(Data section Opens)
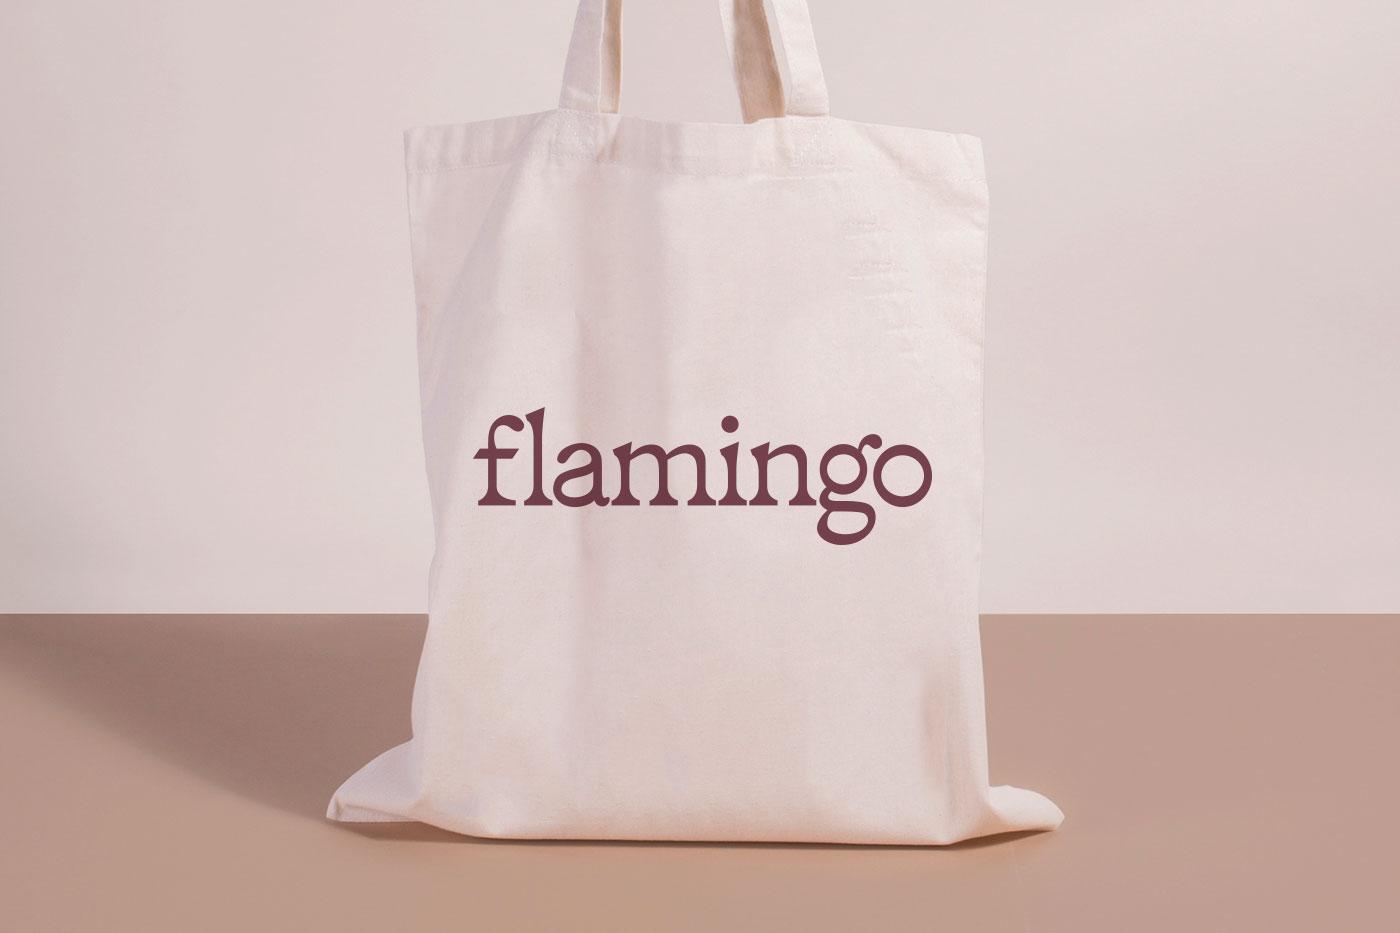 Flamingo_tote
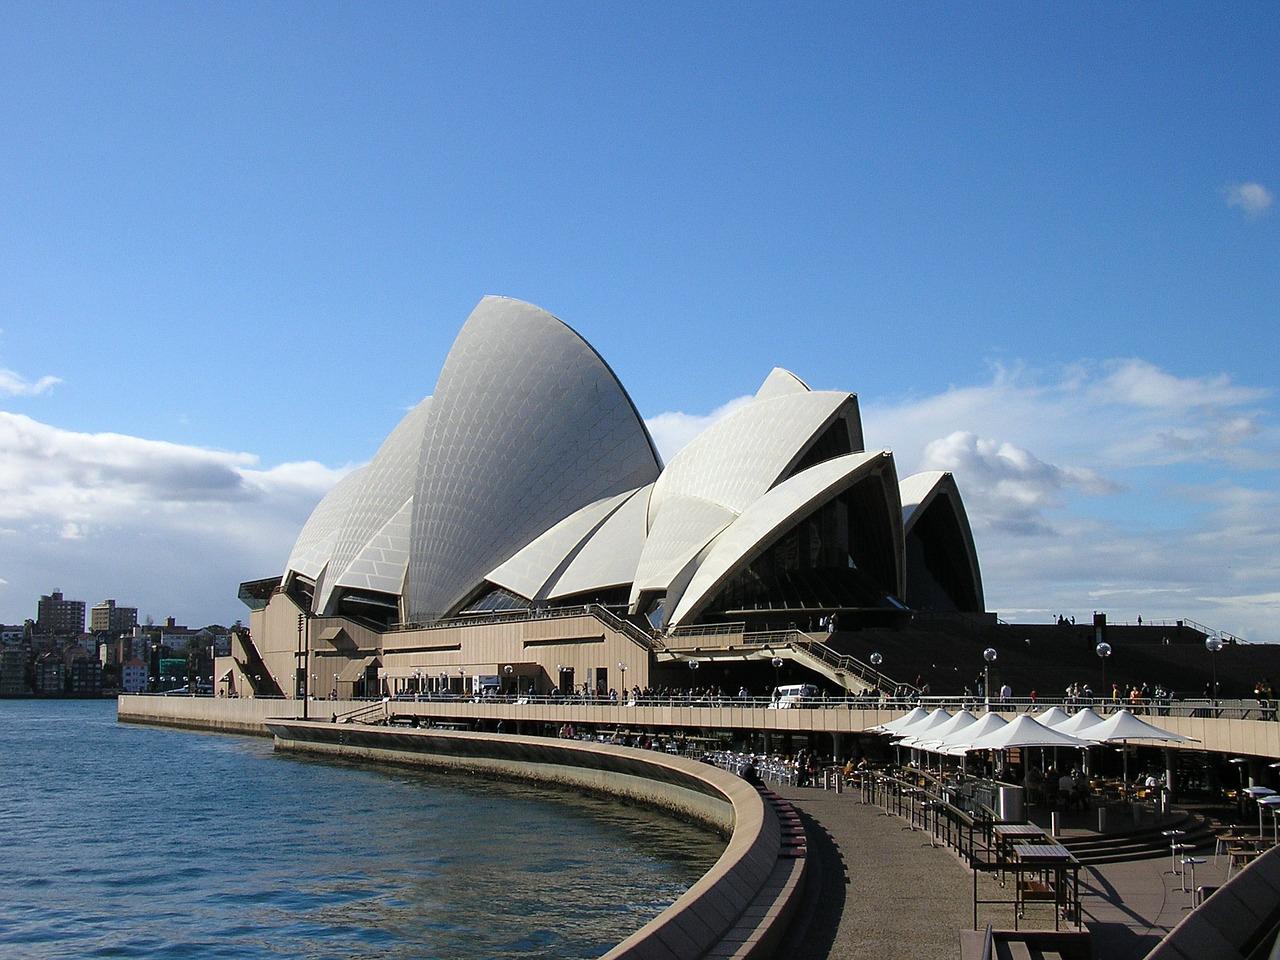 sydney-opera-house-1223405_1280.jpg
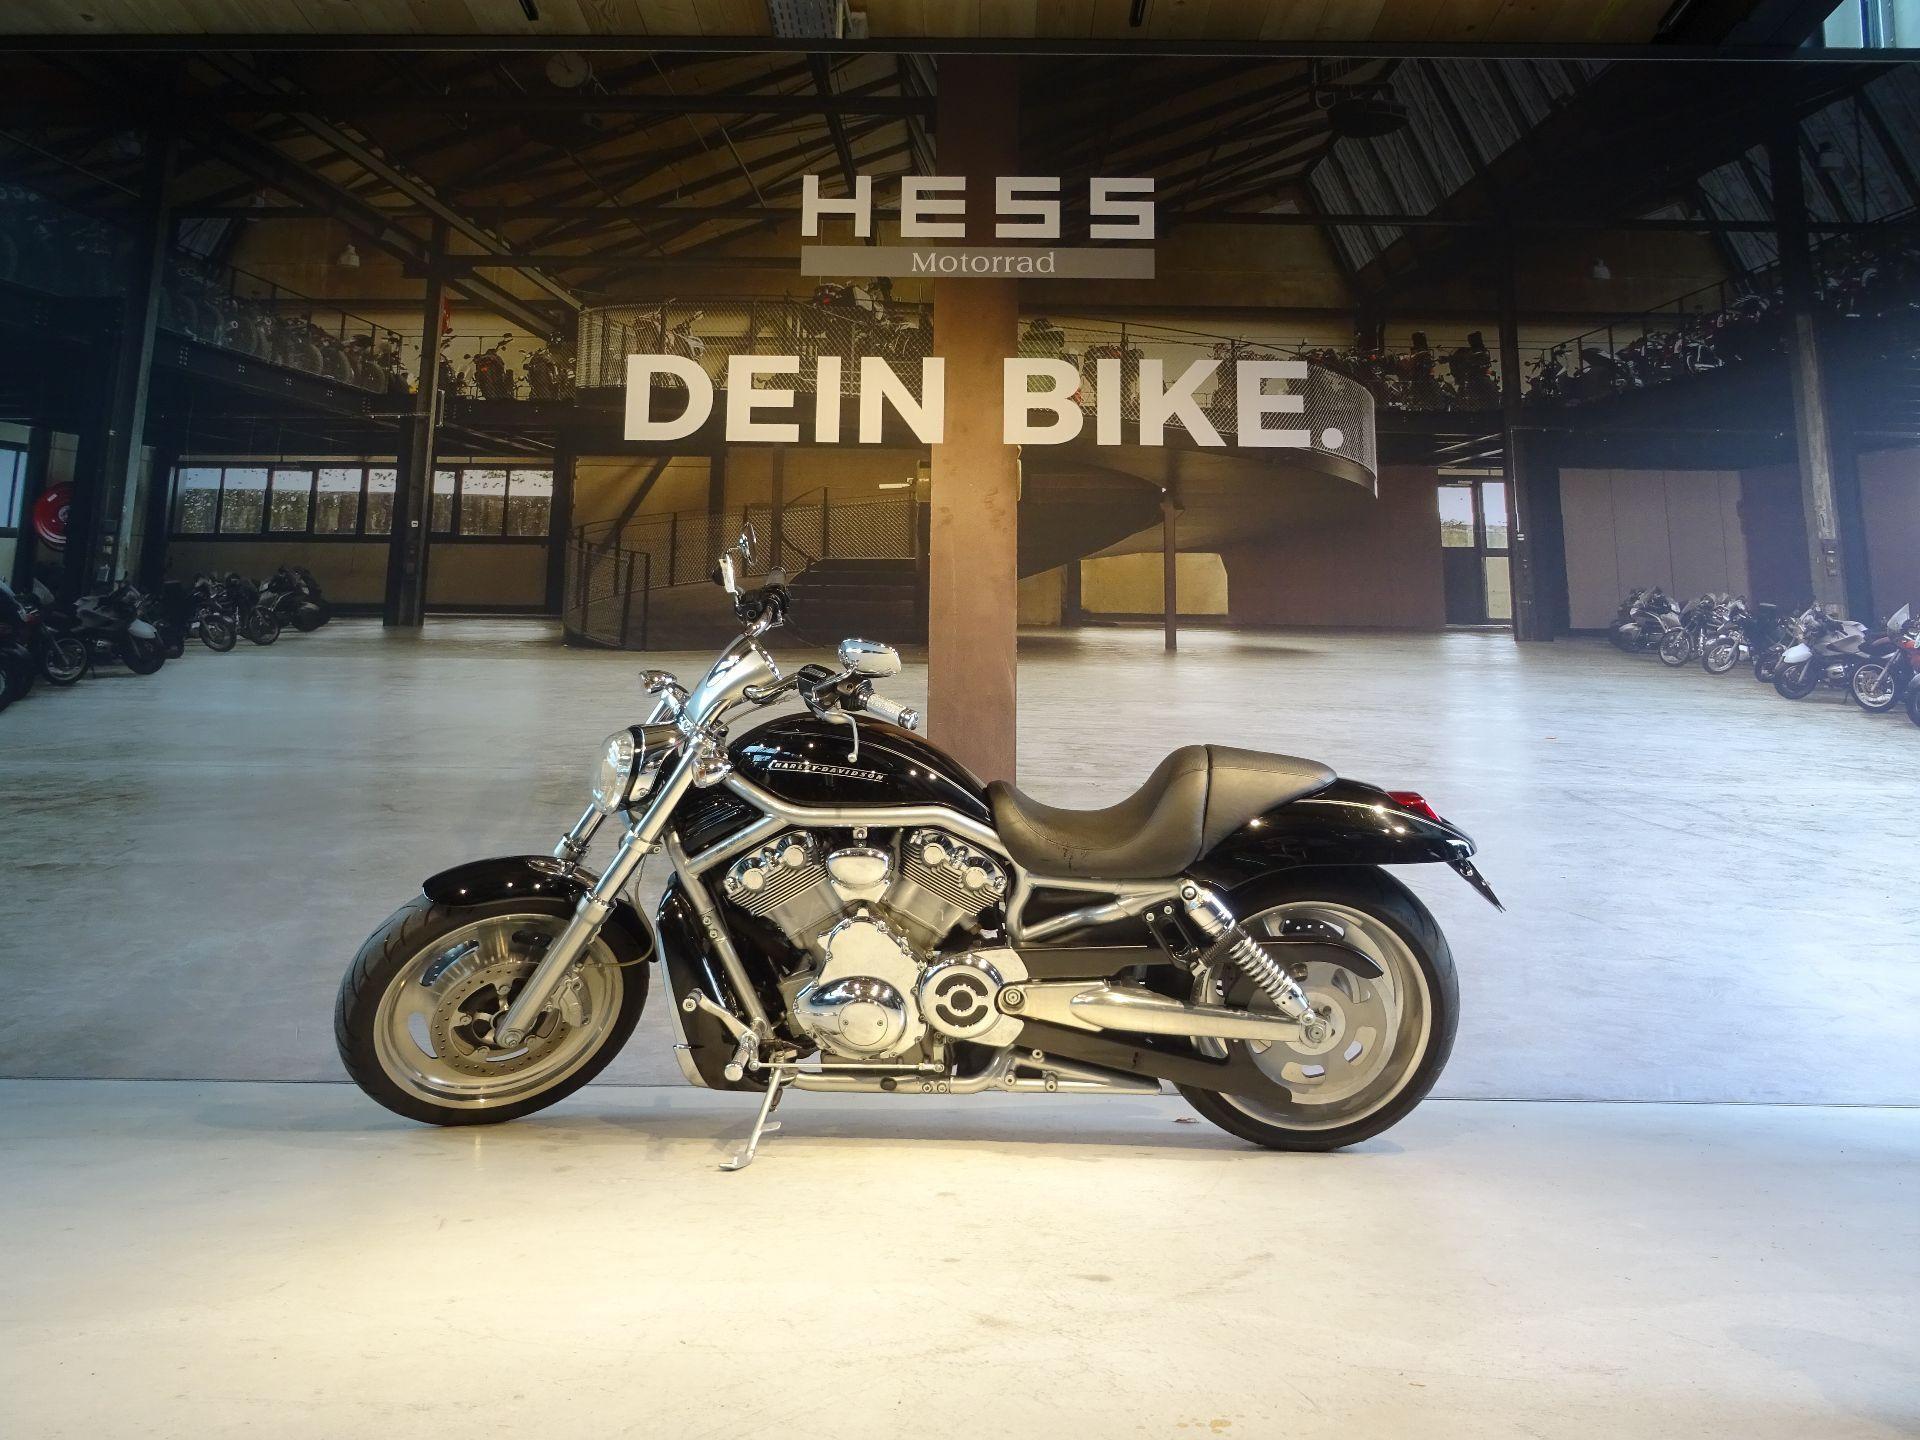 motorrad occasion kaufen harley davidson vrscaw 1130 v rod hess motorrad stettlen. Black Bedroom Furniture Sets. Home Design Ideas
(Data section Closes)
Task instructions
Apart from the pictures, repeat the data above exactly.

Exercise response
 Flamingo_tote
 sydney-opera-house-1223405_1280.jpg
 motorrad occasion kaufen harley davidson vrscaw 1130 v rod hess motorrad stettlen. Black Bedroom Furniture Sets. Home Design Ideas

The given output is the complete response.